Simplemente, cuando vi que era hora de regresar a casa, cuando los invitados comenzaban a dejar la sala, me dirigí a la puerta, acompañada de un somnoliento Jacob que parecía estar lo suficientemente entonado como para percatarse de mi nerviosismo. Él se dirigió a buscar su chaqueta y yo me quedé haciendo tiempo, esperándolo cerca de la entrada. Alice, risueña y activa como si hubiesen sido las tres de la tarde, se acercó a mí.

—La próxima vez que estés en el baño con mi primo, intenta no hacer tanto ruido —me pidió en un susurro, dejándome percibir claramente su tono pícaro—. Las paredes son delgadas.

Oh-mi-Dios.

¡Maldito Emmett!

No mentía si decía que estaba tan roja como un tomate, y la aparición de Edward en escena no ayudó para nada. Él, sin embargo, saludó tranquilamente a su prima, mientras yo me lo comía con los ojos y pensaba en todas esas cosas que hubiésemos podido seguir haciendo, de haber tenido tan sólo un poco más de tiempo o un lugar más cómodo. Cuando se acercó para saludarme, sus ojos verdes me observaron con un brillo pícaro, que sólo fui capaz de responder con una sonrisita irónica. Estrechó su mano con la mía y me sorprendí cuando esta fue abandonada por la calidez de su piel, quedando como único registro un pequeño papelito. Lo guardé en mi bolsillo, en un torpe y mal disimulado movimiento.

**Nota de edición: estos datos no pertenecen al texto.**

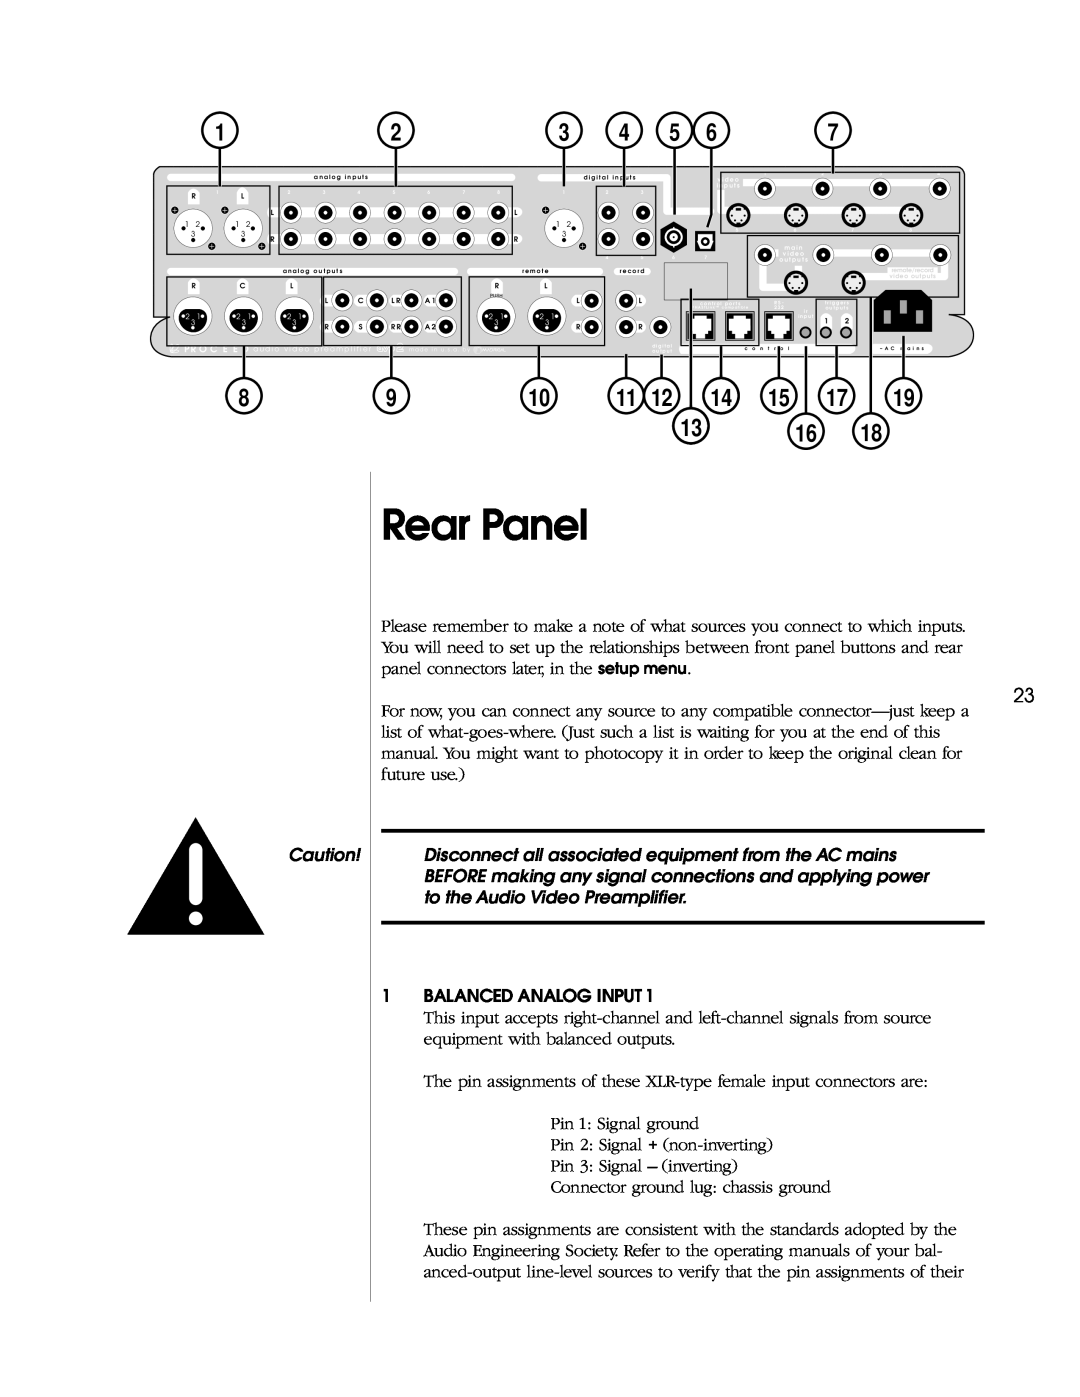 Madrigal Imaging AVP2 owner manual Rear Panel, Balanced Analog Input

Alice me regaló un guiño antes de despedirse de mí.

Edward se fue con paso tranquilo y las manos en los bolsillos de su chaqueta de cuero. Ni siquiera esperó a su novia al salir y me sentí estúpida al contentarme con el hecho de que, posiblemente, aquella cabeza de zanahoria sería botada incluso antes de lo que creía.

Después de despedirme de Jacob, me fui a buscar mi camioneta, lista para volver a casa. Por primera vez, creía que la pequeña velada de Esme había sido todo un éxito.

Sólo esperaba volver a ver a Edward Masen en la próxima reunión familiar.

Y que hubiese algún baño cerca, por supuesto.